Mais uma vez, trazemos a Dra Lívia Zalaf. Dessa vez, ela aborda a Fadiga Oncológica e como a Fisioterapia pode ajudar esses pacientes.
A fadiga é
um sintoma prevalente na doença oncológica, manifestando-se entre 75% e 95% dos
doentes. A fadiga relacionada ao câncer
pode ser definida como uma persistente e subjetiva sensação de cansaço
relacionada à doença ou ao seu tratamento interferindo no desempenho das
atividades de vida diárias. Pode variar na sua intensidade e duração, e ser
acompanhada de outros sintomas como a sensação de falta de energia, exaustão,
perda de interesse por atividades anteriormente prazerosas, fraqueza, dispneia,
dor, alterações de paladar, prurido, lentidão, irritabilidade e perda de concentração,
podendo exercer influência direta em aspectos de ordem psicológica,
fisiológica, comportamental, social/familiar, prejudicando a qualidade de vida
do paciente.
Mas como podemos identificar e diferenciar da
fadiga oncológica da fadiga comum? De acordo com Schneider e Lopes (2004), a fadiga
oncológica é persistente, interfere no dia a dia do paciente, é marcada pela
falta de energia, pela sonolência, fraqueza muscular, perturbação do humor,
com diminuição da performance cognitiva e da qualidade de vida, e com
custos econômicos acrescido. Além disso, na fadiga oncológica esses fatores comumente
persistem até após o fim do tratamento oncológico.

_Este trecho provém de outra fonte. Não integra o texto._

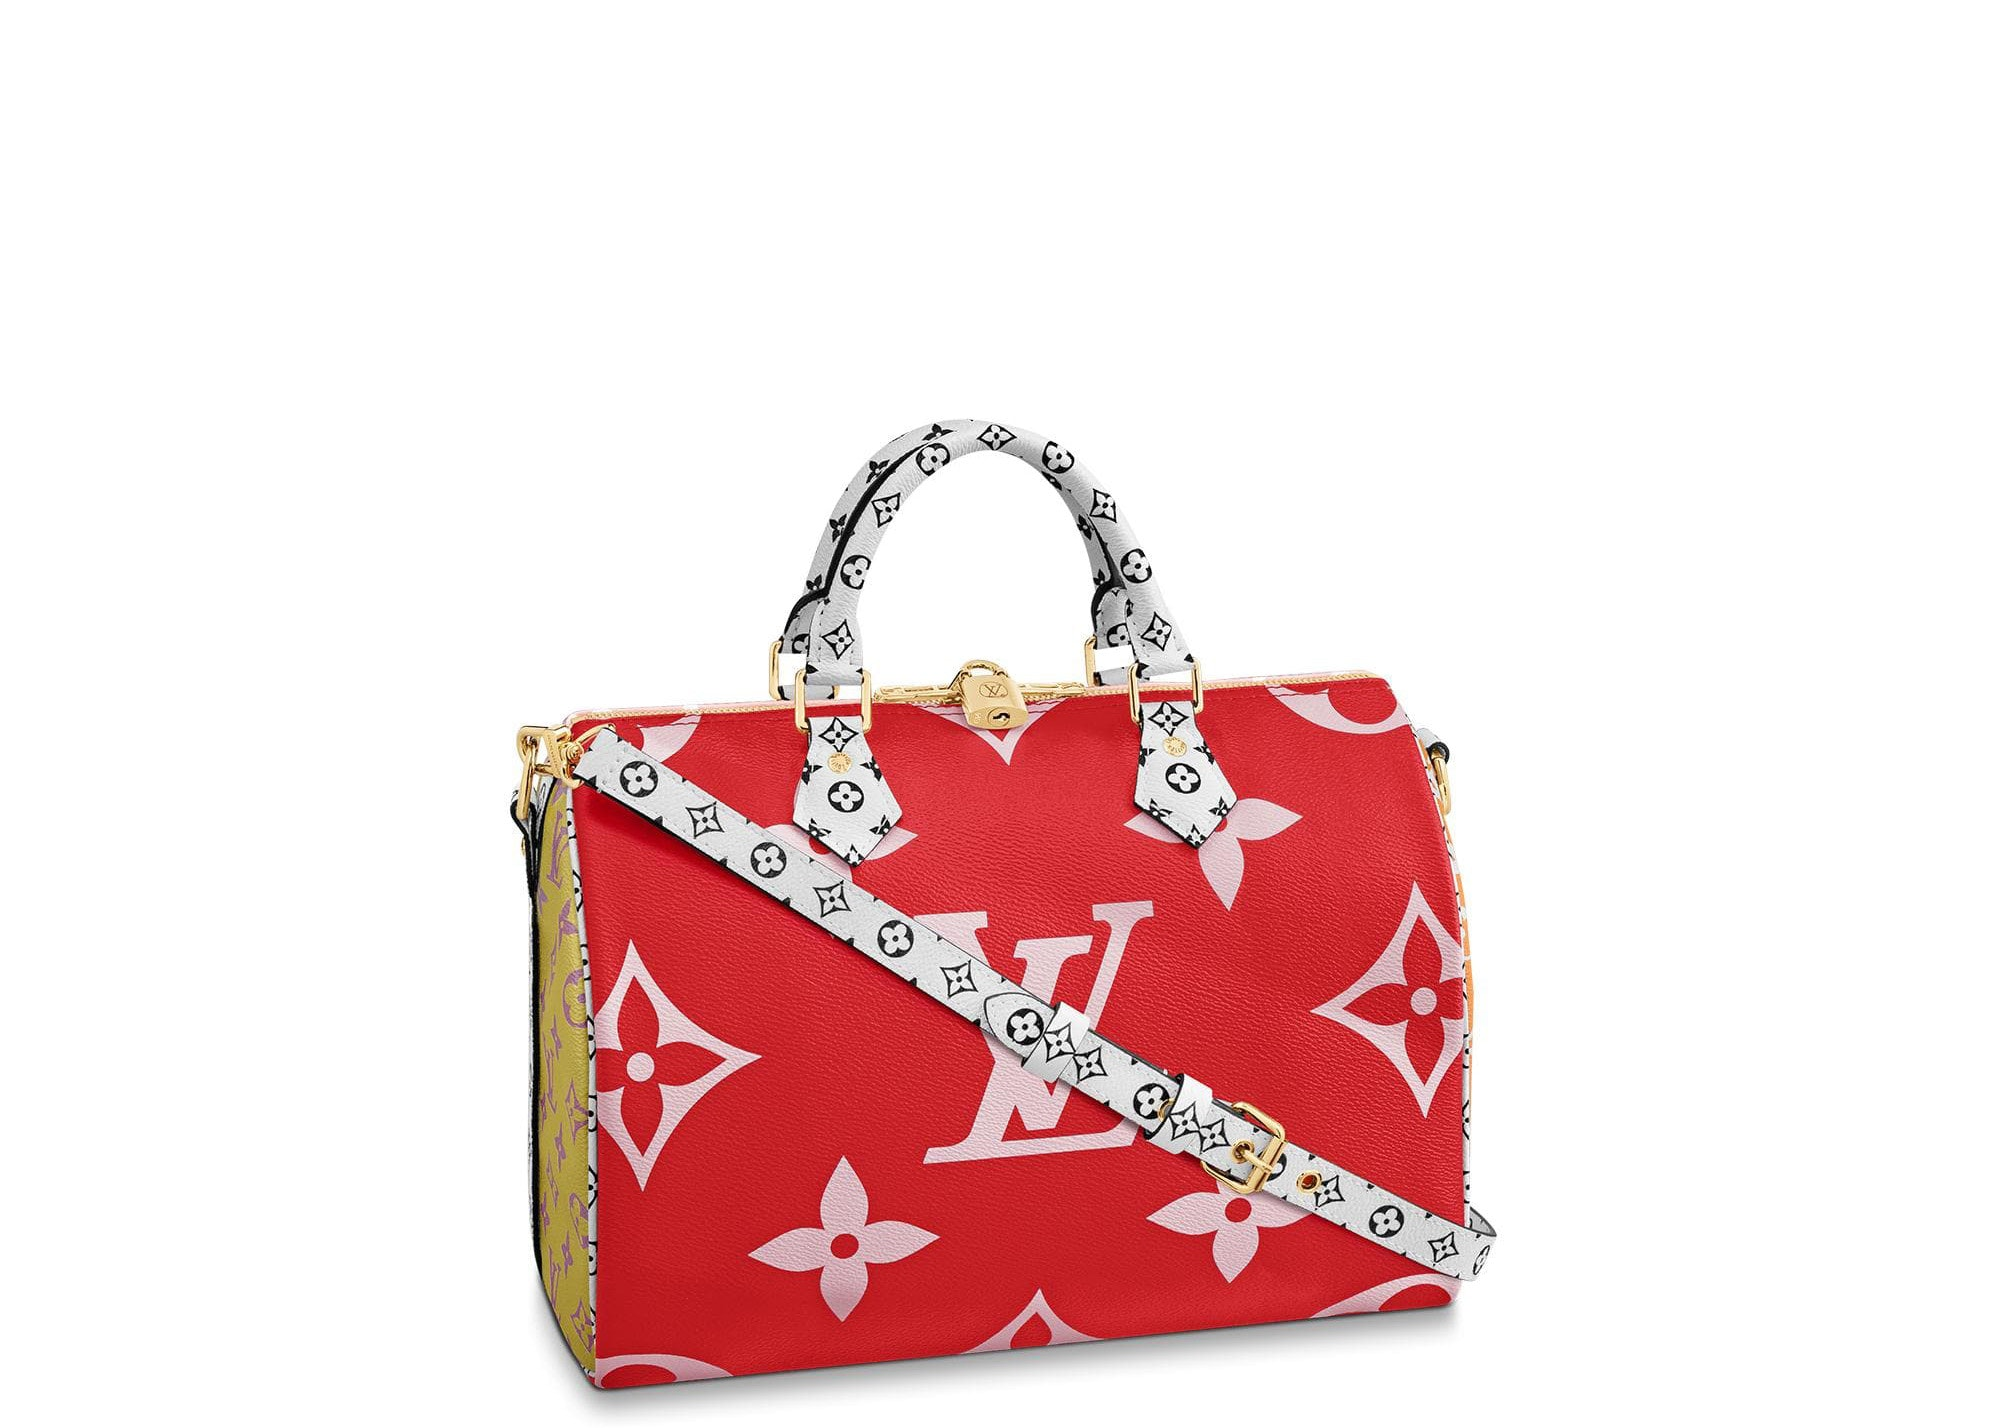 Louis Vuitton Speedy Bandouliere Monogram Giant 30 Red/Pink

O paciente oncológico pode ter sua fadiga
atribuída à diversas causas: estado hipermetabólico associado com o crescimento
tumoral, competição entre o organismo e o tumor por nutrientes, efeitos deletérios
da quimioterapia e da radioterapia, ingesta nutricional inadequada associada a
náusea e vômitos decorrentes da terapêutica antineoplásica, anemia, distúrbio
do sono e a incerteza e medo quanto ao futuro e a morte. Pegorare (2014), verificou em seu trabalho que as pacientes submetidas à tratamento quimioterápico
foram mais acometidas pela fadiga do que aquelas em tratamento radioterápico. Machado (2008) evidenciou em seu
trabalho a fadiga secundária à quimioterapia causando importante impacto na
qualidade de vida de pacientes oncológicos.
A partir da cinesioterapia podemos proporcionar mobilidade,
flexibilidade, coordenação, aumento da forca muscular e resistência à fadiga
(FLORENTINO, 2012). Lupion (2014),
realizou uma revisão sistemática afim de analisar os efeitos de um programa de
treinamento físico em pacientes com câncer de pulmão. Finalizando com 26
artigos para análise, o tempo de intervenção dos estudos analisados variou de
uma a doze semanas, e a duração, de acordo com a tolerância do paciente,
podendo durar até 3 horas por sessão. A intensidade do treinamento variou de 60
a 80% da capacidade máxima do paciente, e a frequência, desde todos os dias até
duas vezes na semana. Em relação ao tipo de exercício, os trabalhos analisados
utilizaram predominantemente o exercício aeróbio, tanto em esteira quanto em
cicloergômetro. Alguns artigos também utilizaram treinamento de força muscular.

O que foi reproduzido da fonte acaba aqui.